Mordecai Richler

Mordecai Richler’s death in the summer of 2001 prompted an outpouring of appreciation for his writerly contributions. After all, how much more bland would our literary landscape be without the endearing curmudgeon who is Barney Panofsky, the fierce independence and chutzpah of Ephraim Gursky, or the set pieces that tempted Richler-the-writer towards the dessert table of extravagant description and away from the main course of plot? (Think of the Bar Mitzvah extravaganza in Duddy Kravitz). In the years immediately following his death, it seemed understandably difficult for commentators to separate the man from his work. During “The Richler Challenge,” a conference hosted by McGill’s Institute for the Study of Canada in 2004, speakers found themselves “missing” him, “remembering when,” or laughing outright at Richler’s wit and warmth.
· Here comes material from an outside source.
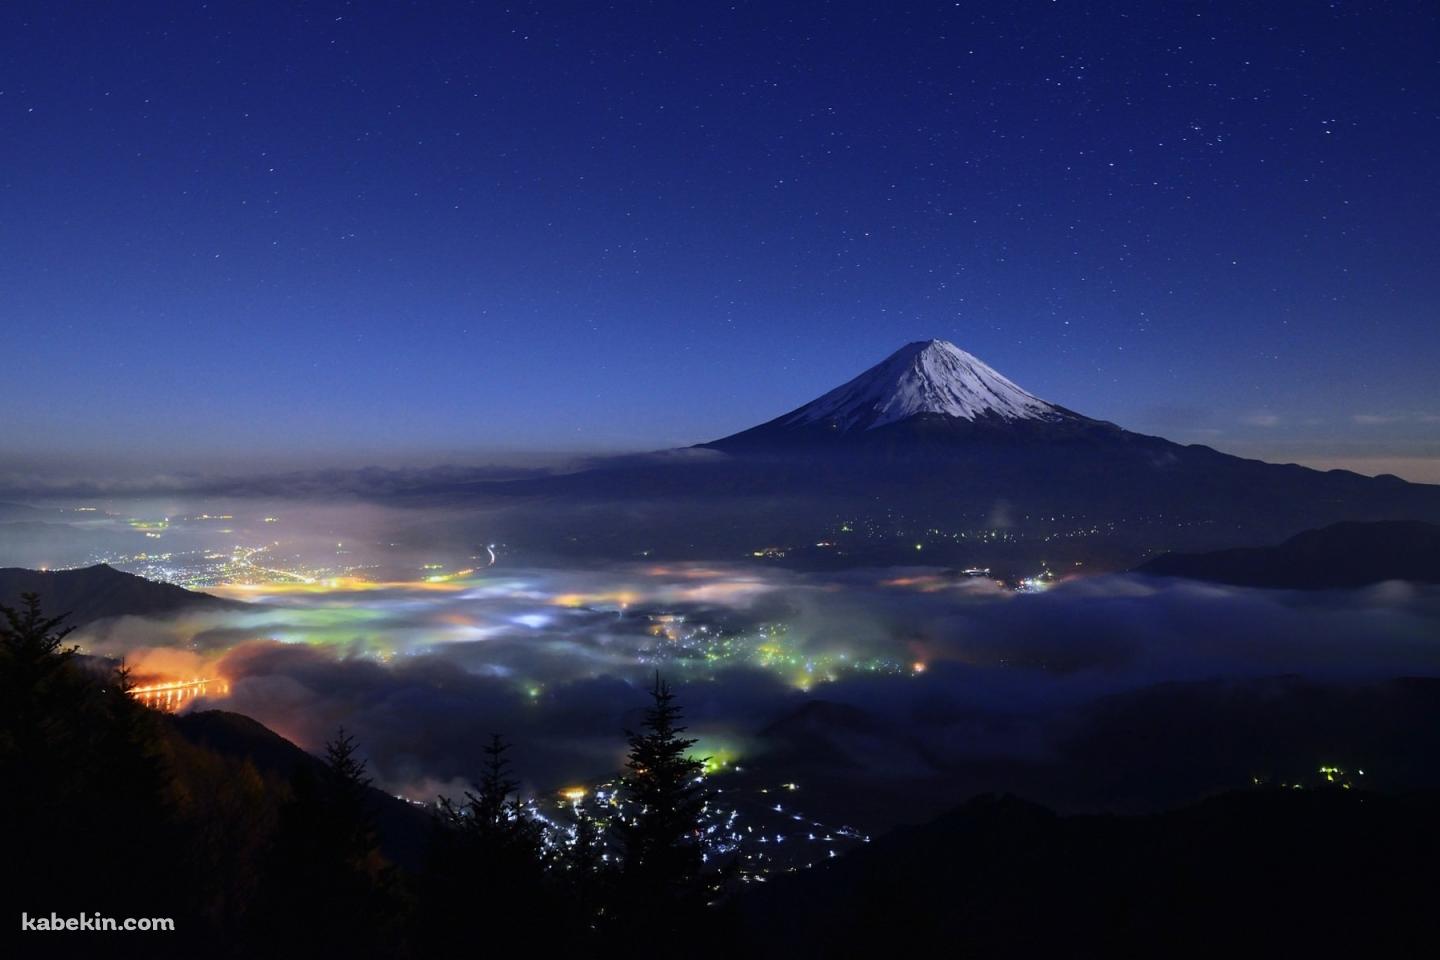 富士山と星空 日本 静岡県 山梨県の壁紙(1440px x 960px) 高画質 PC・デスクトップ用
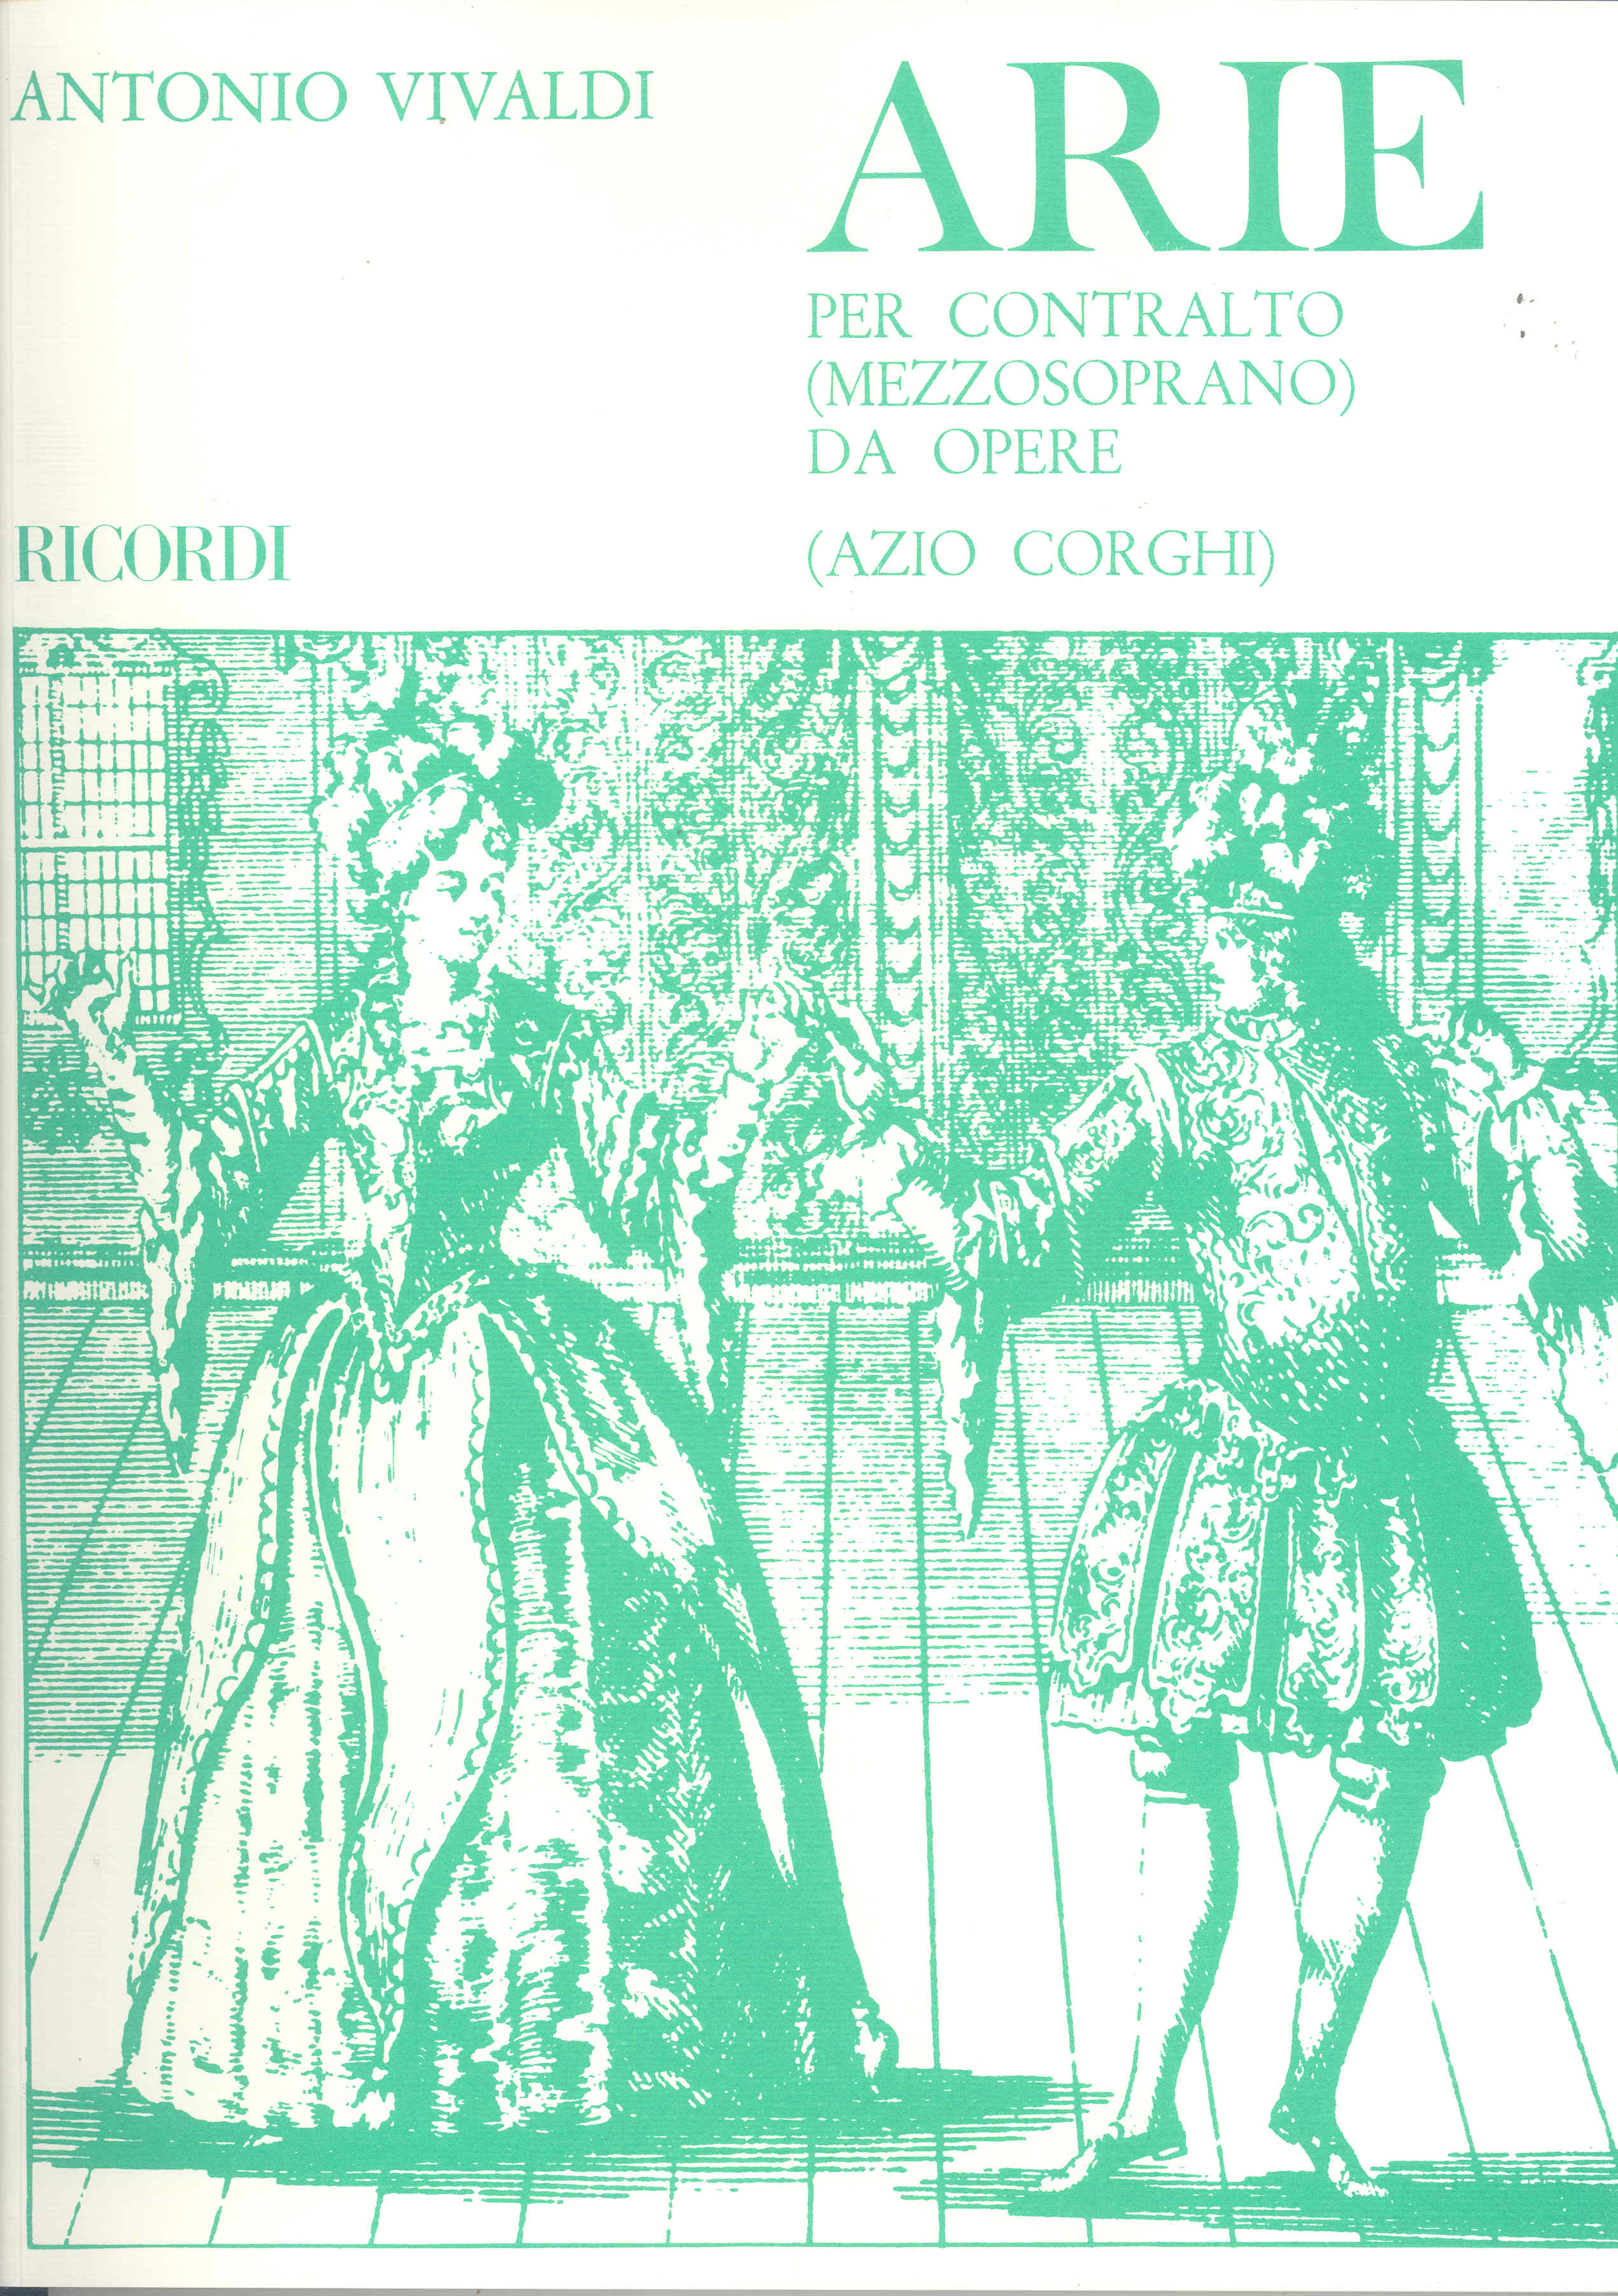 Vivaldi Fourteen Contralto Opera Arias Songs Sheet Music Songbook

Appreciation characterizes much of the commentary published soon after his death. Michael Posner’s oral biography The Last Honest Man(2004) gathers comments about Richler from friends and colleagues, retaining their range and variety through direct quotation. The tone of Joel Yanofsky’s 2003 Mordecai & Me: An Appreciation of a Kind is more mixed. Yanofsky, by his own admission removed from Richler’s immediate circle, conveys his respect for Richler alongside efforts to resist a Montreal writer of an earlier generation.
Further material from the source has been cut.